[Recorded information]:
--

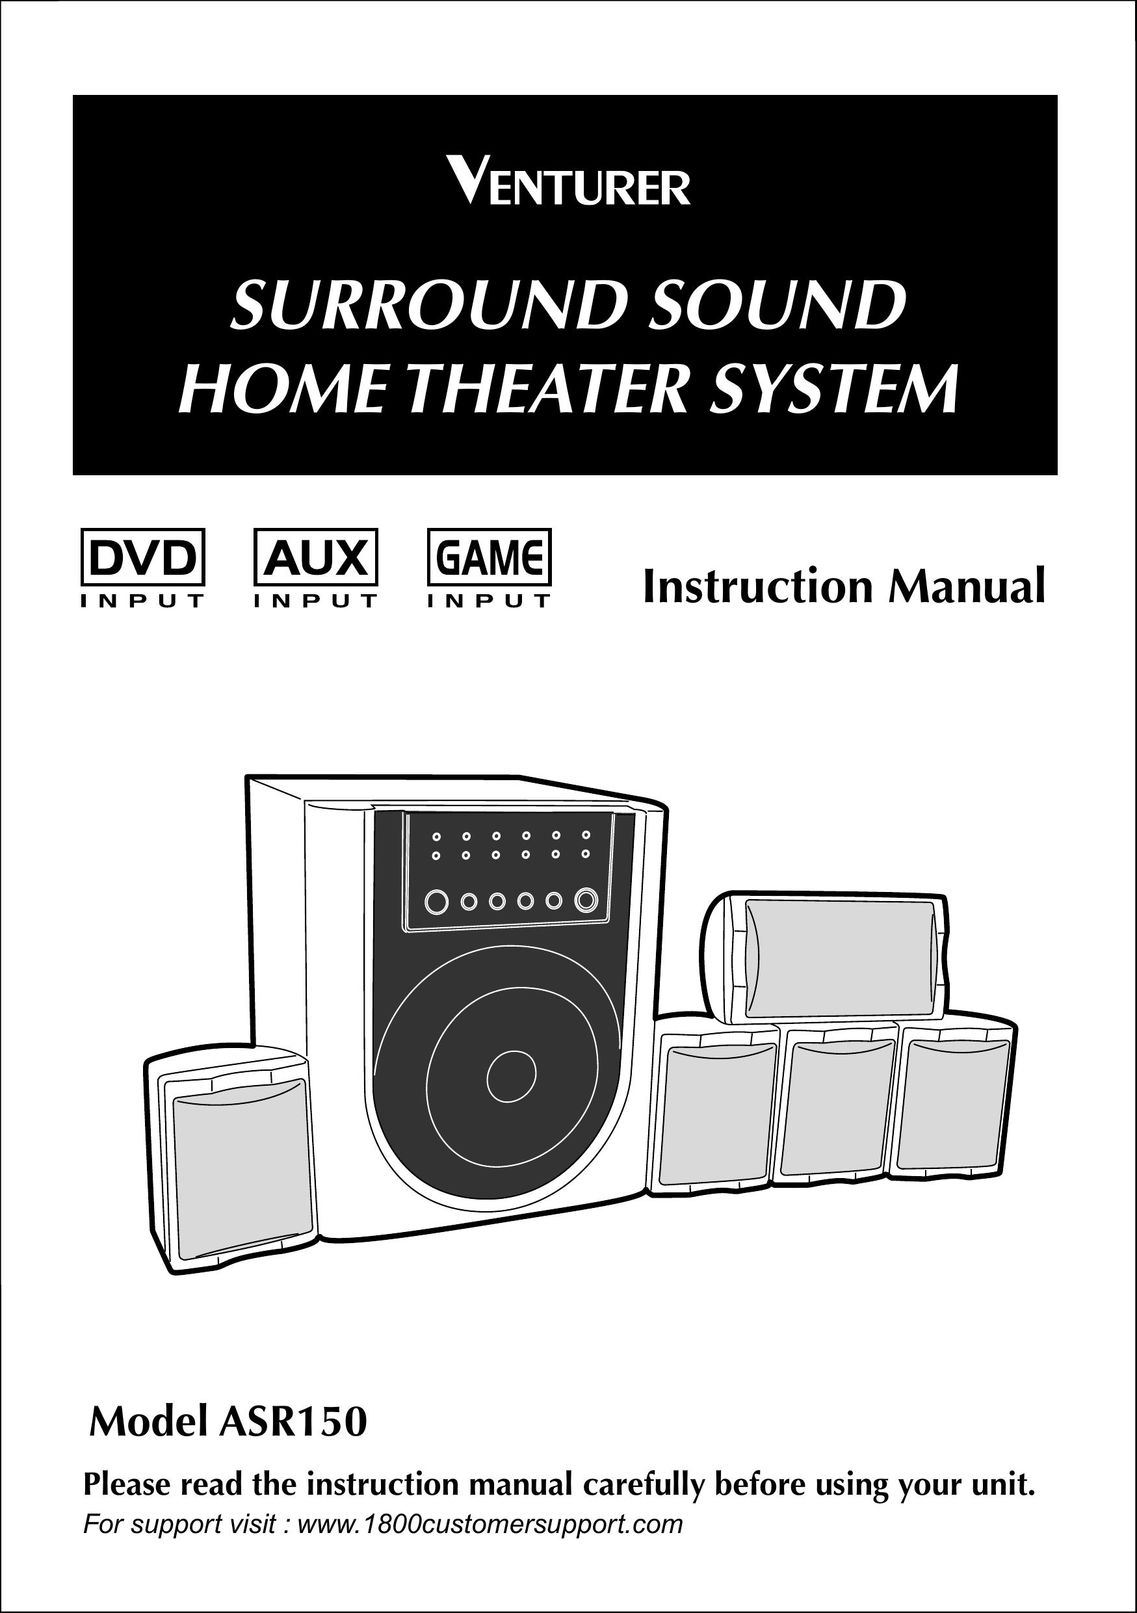 Venturer ASR150 Home Theater System User Manual
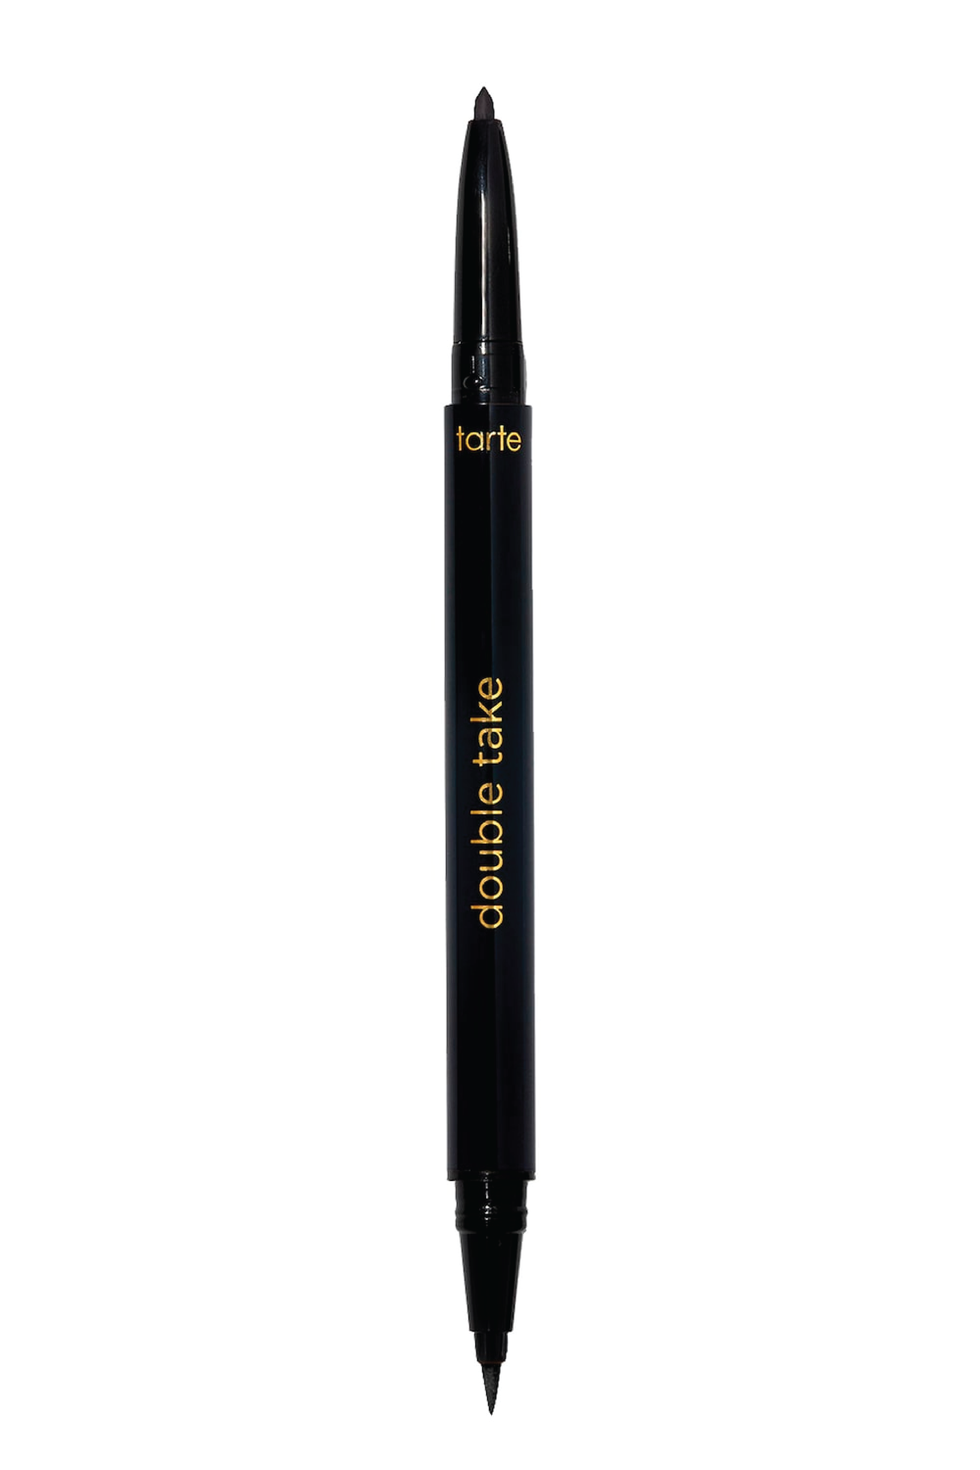 Montana Cans - Sketchliner 5-Pen Set, Black
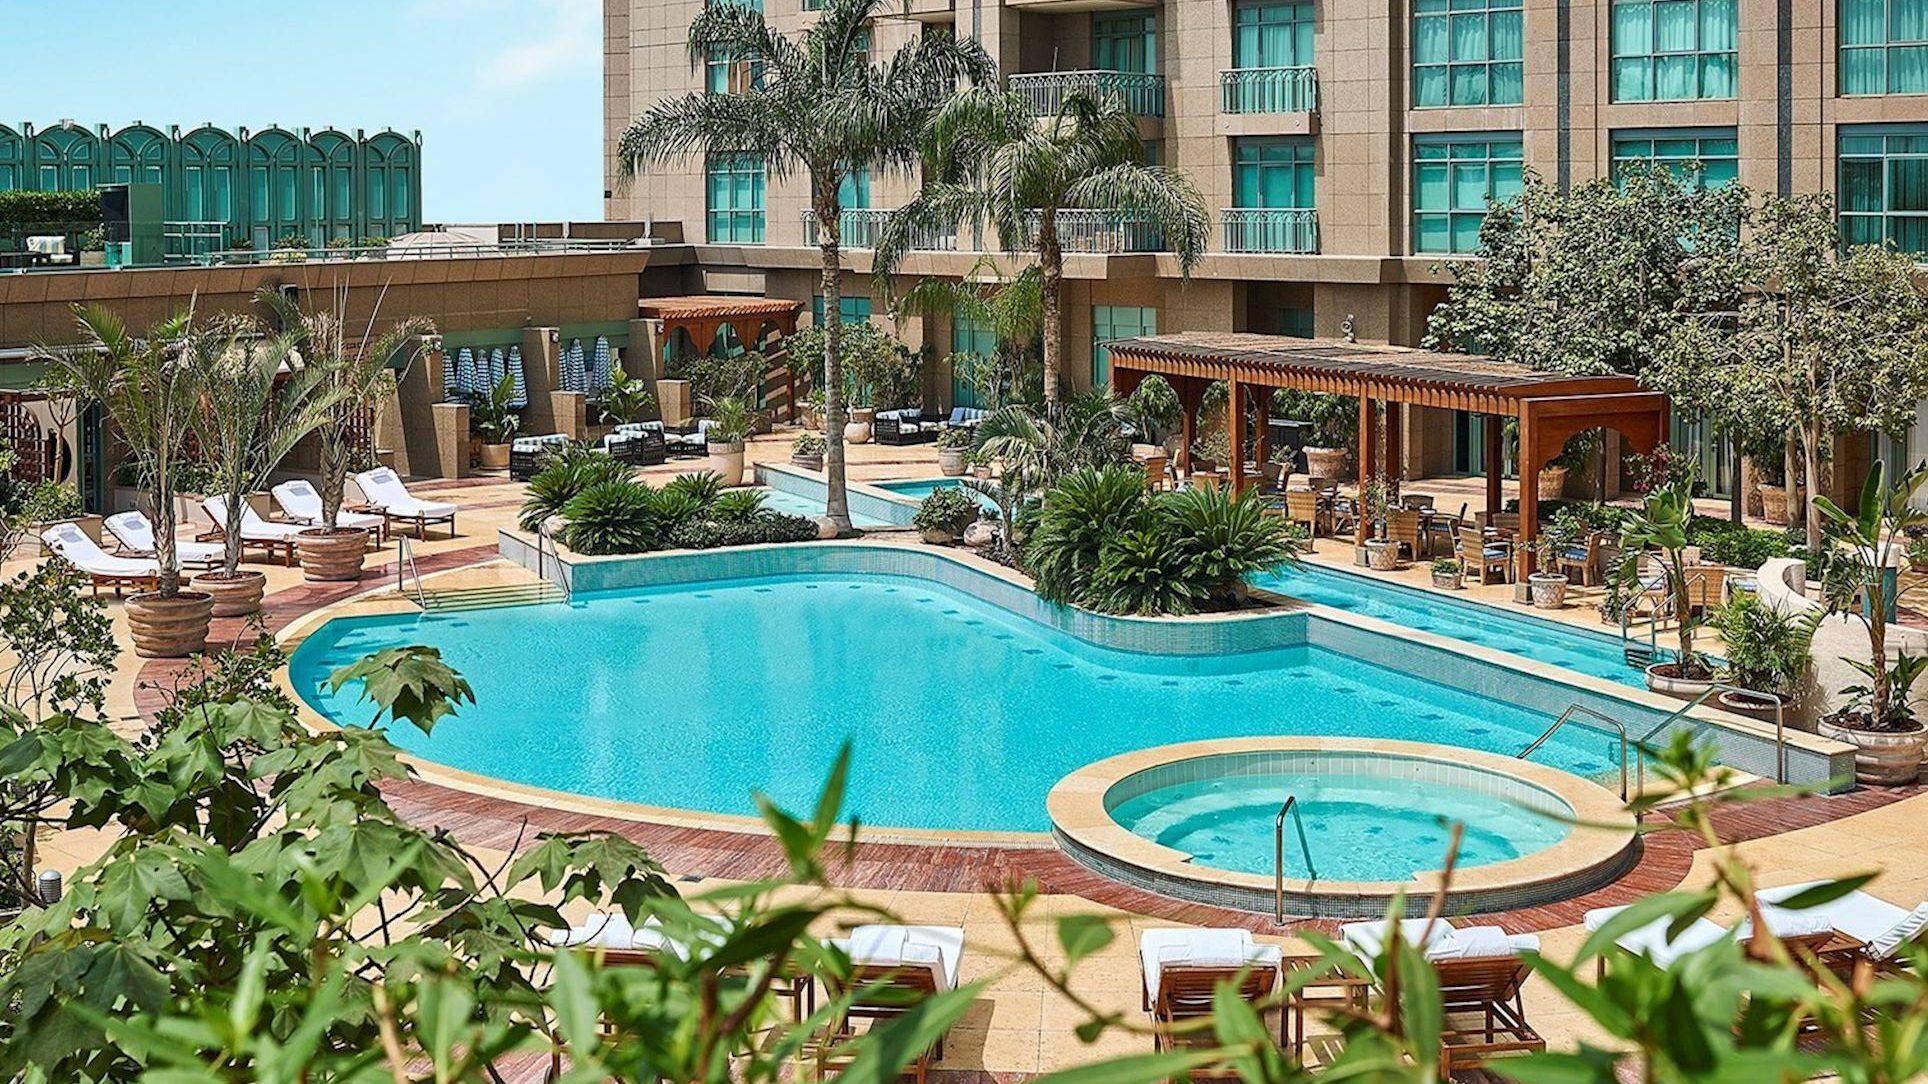 Four Seasons Hotel Cairo at Nile Plaza: этот отель с пятью звездами находится в центре города и имеет вид на Нил. Он имеет спа-центр, бассейн и отличное обслуживание.
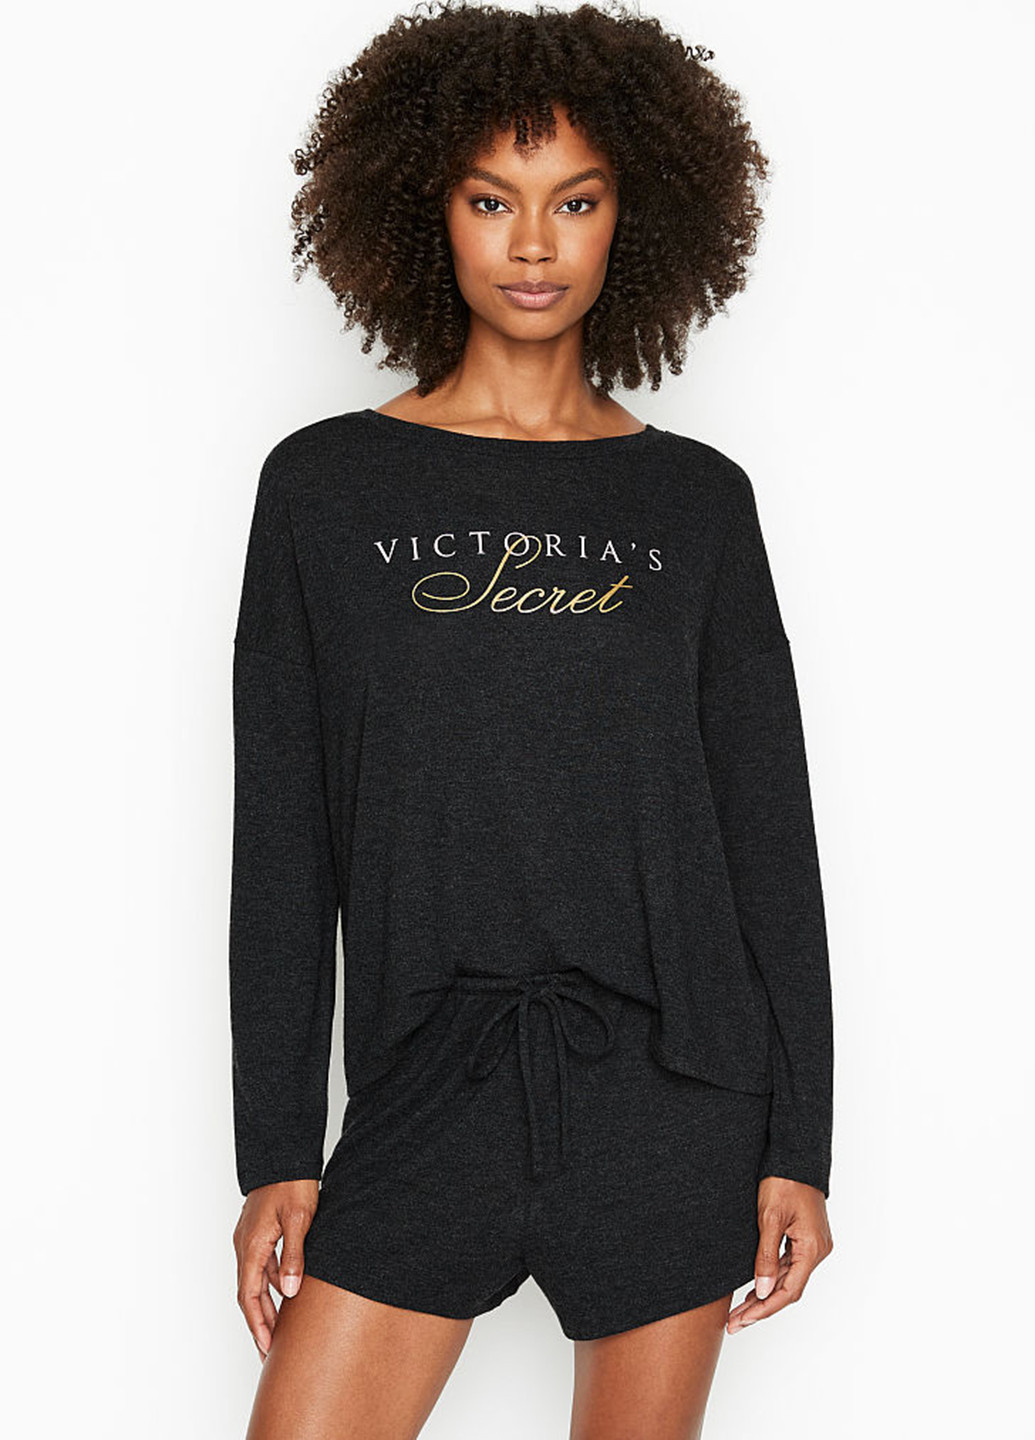 Костюм (лонгслив, шорты) Victoria's Secret логотип чёрный домашний полиэстер, трикотаж

--

[Action item]: Copy out exactly the lines from the one with "Montana Cans - Sketchliner 5-Pen Set, Black" through the end of the listing, both ends included, omitting any picture.

[Problem solution]:
 Montana Cans - Sketchliner 5-Pen Set, Black
 Four Seasons Hotel Cairo at Nile Plaza: этот отель с пятью звездами находится в центре города и имеет вид на Нил. Он имеет спа-центр, бассейн и отличное обслуживание.
 Костюм (лонгслив, шорты) Victoria's Secret логотип чёрный домашний полиэстер, трикотаж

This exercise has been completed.